Porter had a tough night in the scrum, giving away some costly penalties. He admitted, a few weeks after the tournament, on The Rugby Pod that he had some sleepless nights. There was a form of validation, thanks to the fellow props union on social media, as the likes of Mike Ross, Alex Corbisiero and BJ Botha explained how Porter had been harshly pinged on a couple of those penalties.

Porter did not see any of that, though.

“I got rid of Twitter after the World Cup to be fair, or X. I got rid of it, pretty much. I went off social media for a bit. I just needed to clear my head and not have anything to do with rugby for a while.

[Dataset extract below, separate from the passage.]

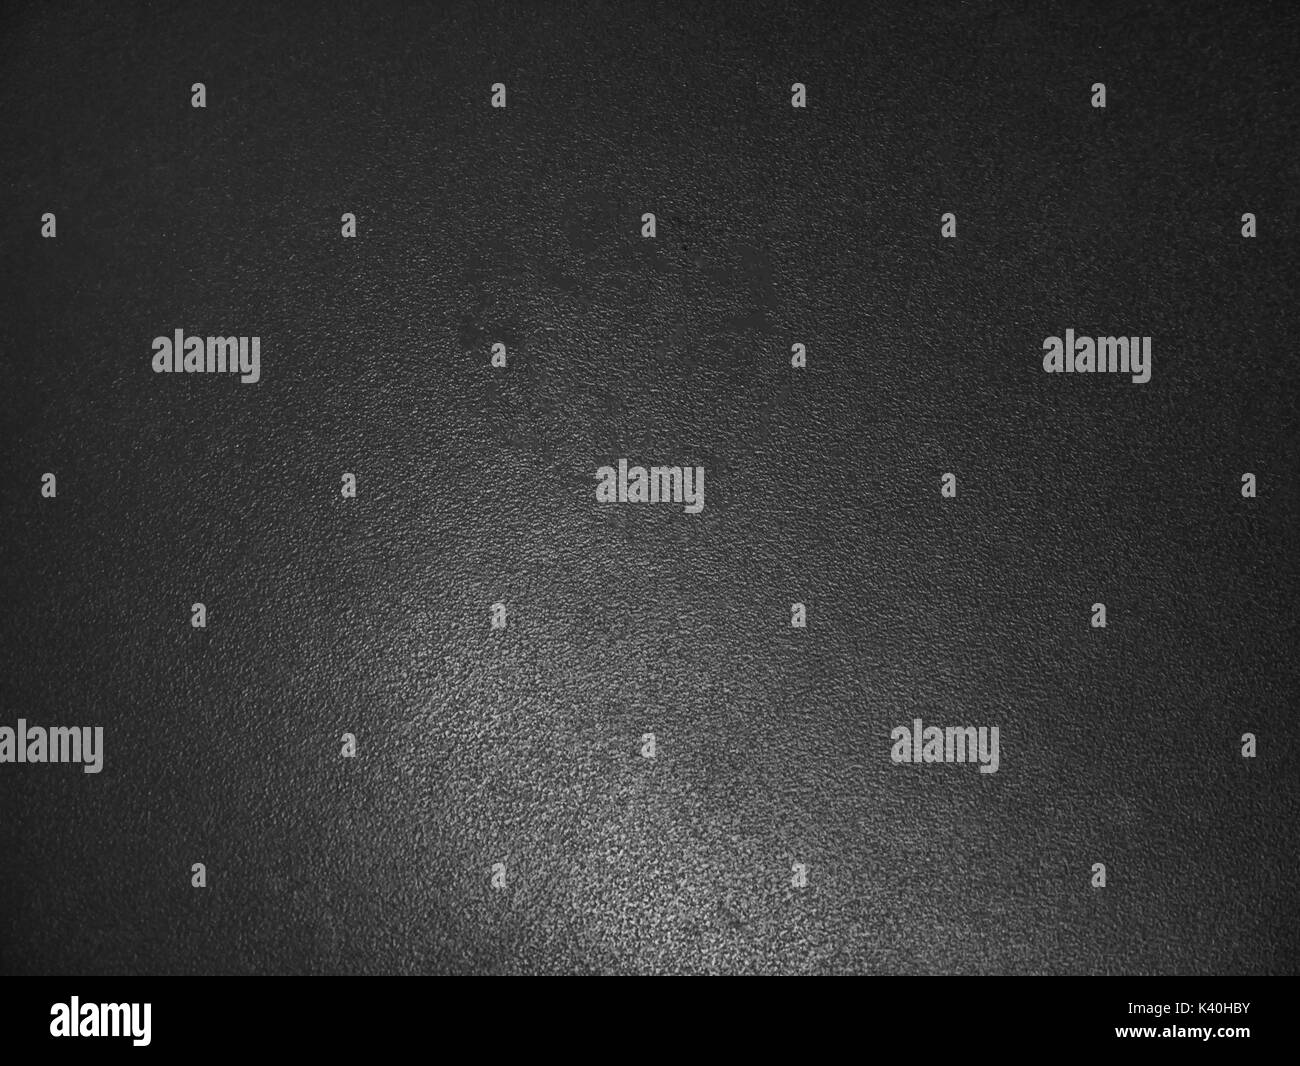 Simple black gray gradient light abstract background for product or text backdrop design Stock Photo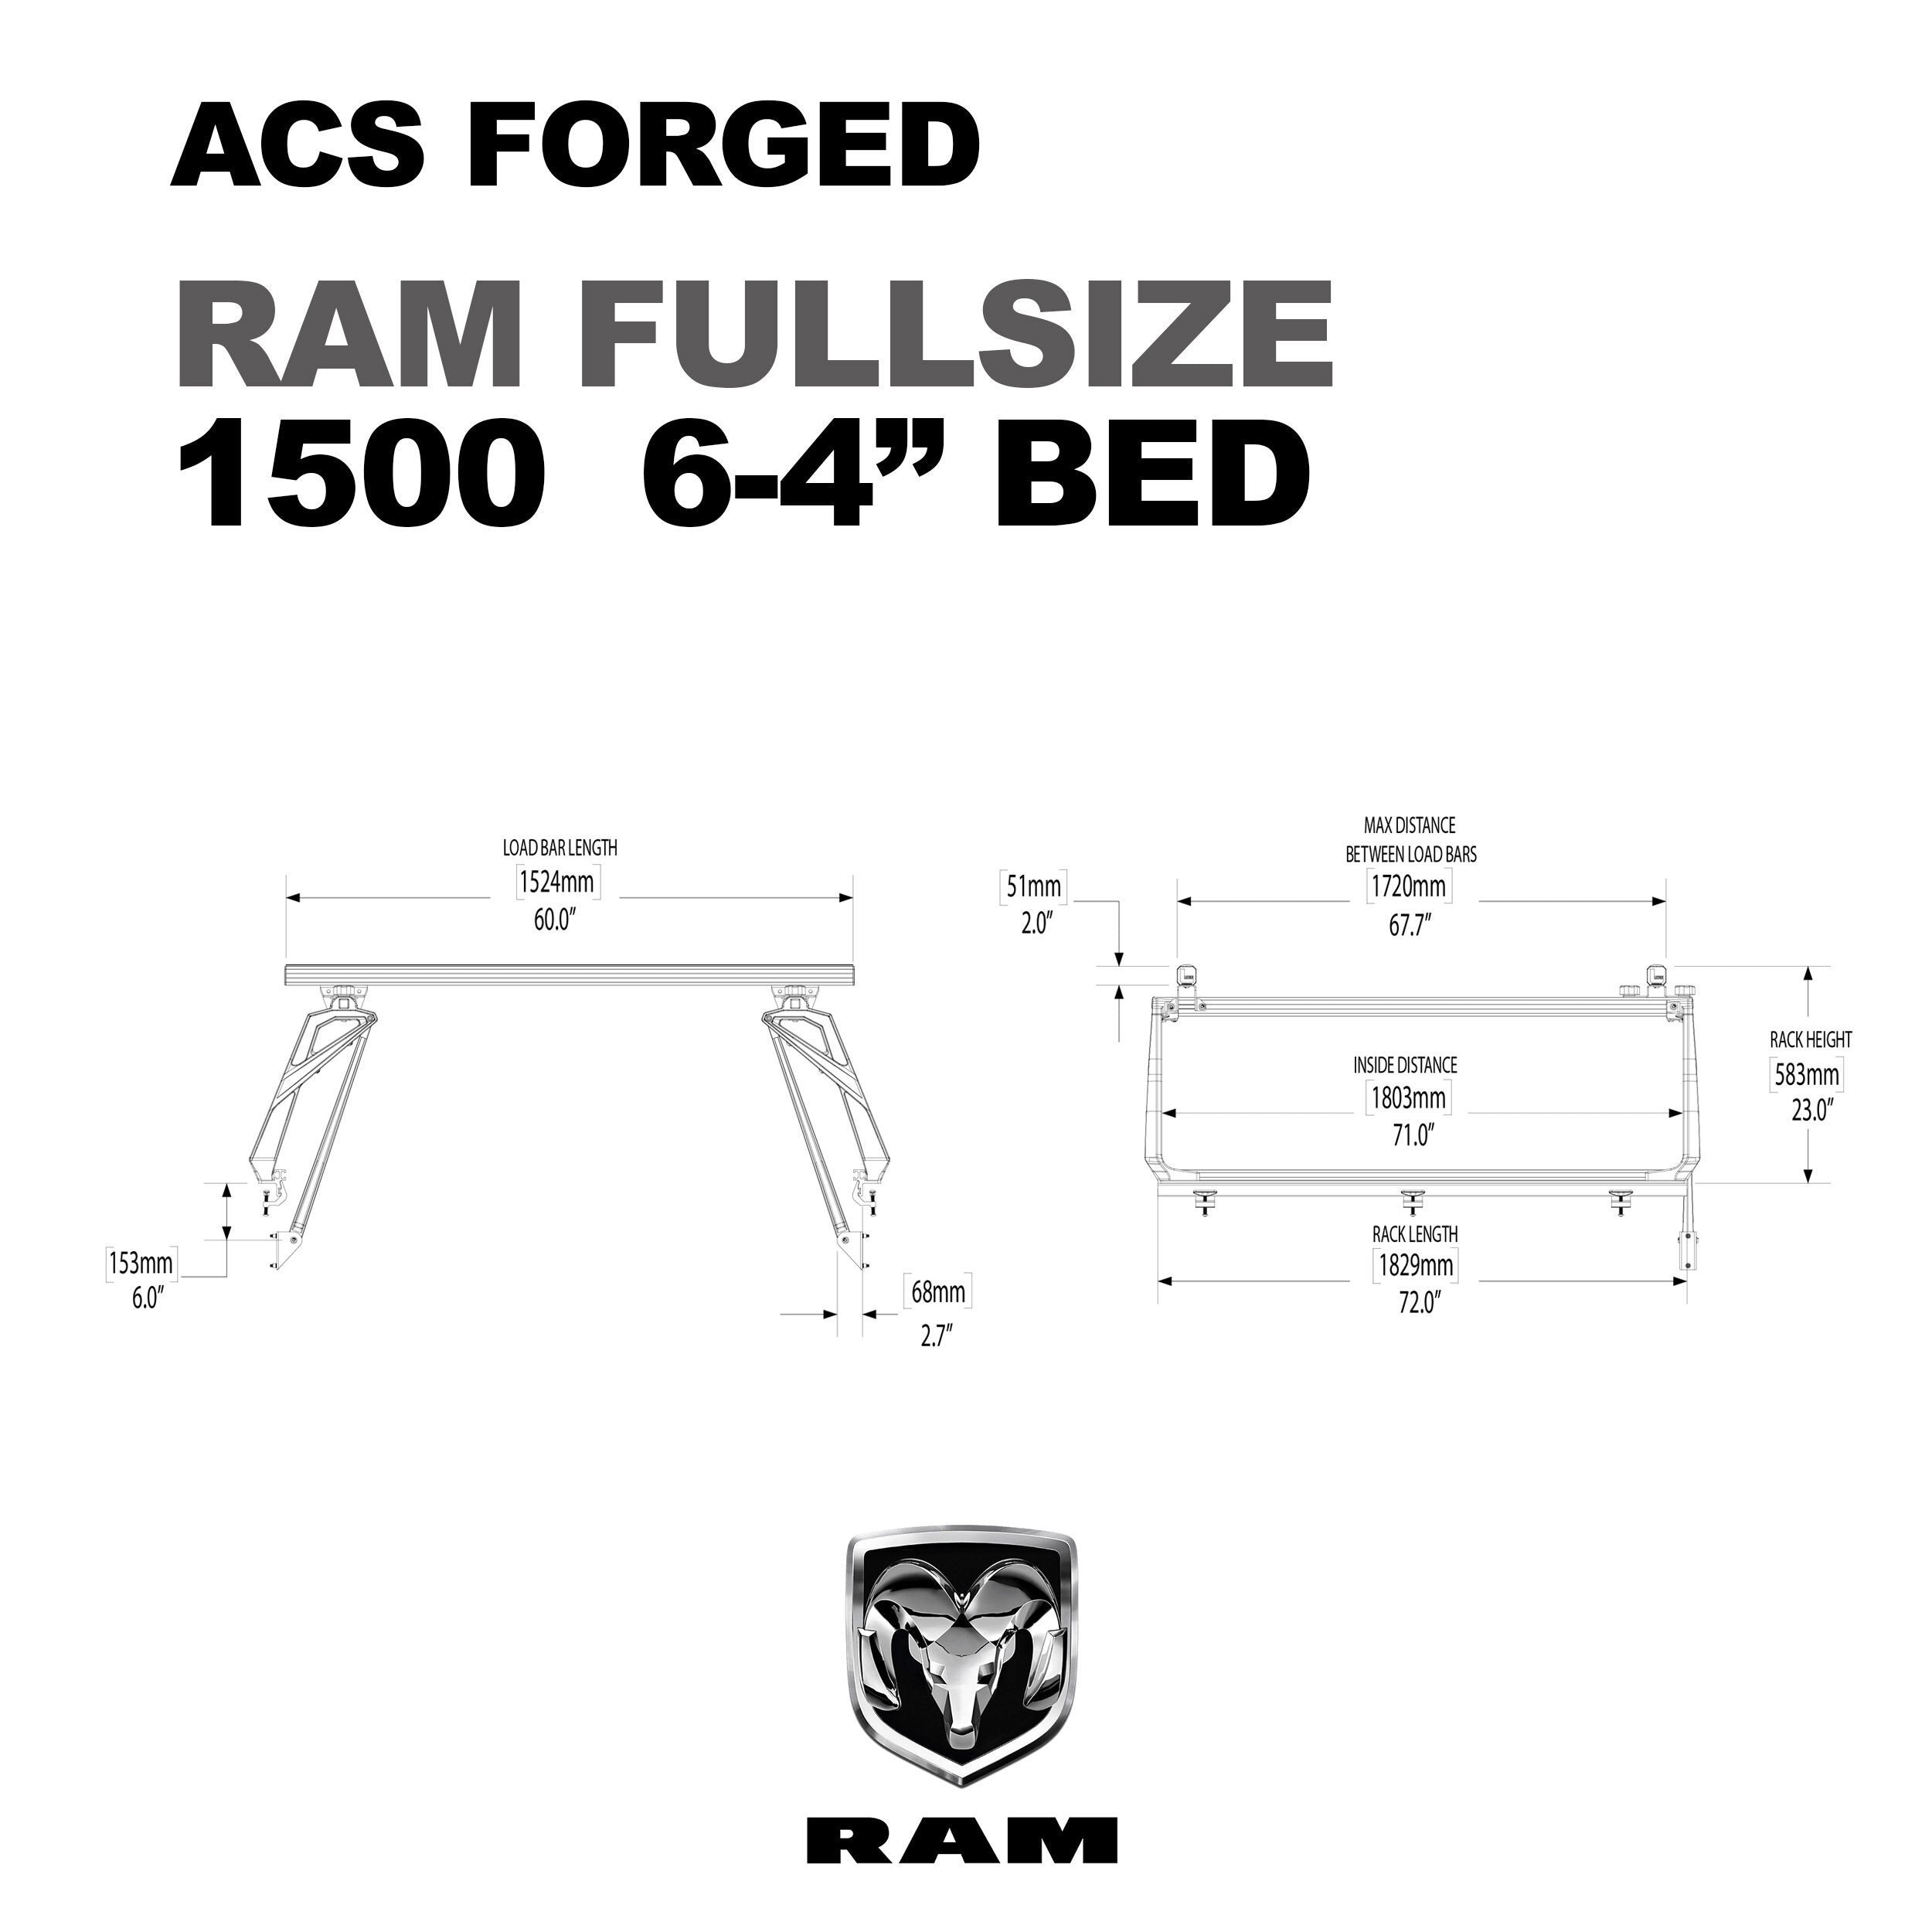 '09-19 Dodge Ram 1500-ACS Forged Bed Accessories Leitner Designs design

“It’s always good to have lads who actually know what they are talking about fighting your corner, though. Like like Ross or Corbisiero, they know exactly all about the trials and tribulations of being a prop. The dark arts of the scrum. It’s always good to hear there are legends fighting your corner.”

Porter is grateful for his ‘incredible family and friends’ for helping him deal with that World Cup anguish and, at his own pace, move on. He recalls:

“It was literally like, someone died. It was like some huge tragedy.

“I know, looking back at it, it’s only a game but, at the time it was just like… it’s so hard to put the words to exactly how I felt after. It was nearly worse, the week directly after. You were coming from this supportive environment, where everyone was pulling together, then you’re just basically back home and you’re like, ‘OK, what do I do now? I don’t know what to do’.”

Porter was like so many of us that have bought into this Ireland team over the past few years. From stung to numb, then regaining that sense of, “What next?’ and having big games and moments excite us again. As Andy Farrell stated, “The journey continues.”

More people will recognise Andrew Porter on this leg of the journey. His openness and honesty in front of those Netflix cameras has already won him waves of new fans, and people watching out for him.

For the guy that has had his life transformed, even for a few months, by Netflix, he was almost oblivious to it all.

“I can’t even remember exactly who was, and who wasn’t, interviewed for it. I can’t even remember who else was followed by the cameras. I nearly forgot about this whole documentary until recently. Someone sent me on the trailer and I was like, ‘Oh yeah, that’s going ahead. I must have got the green light!’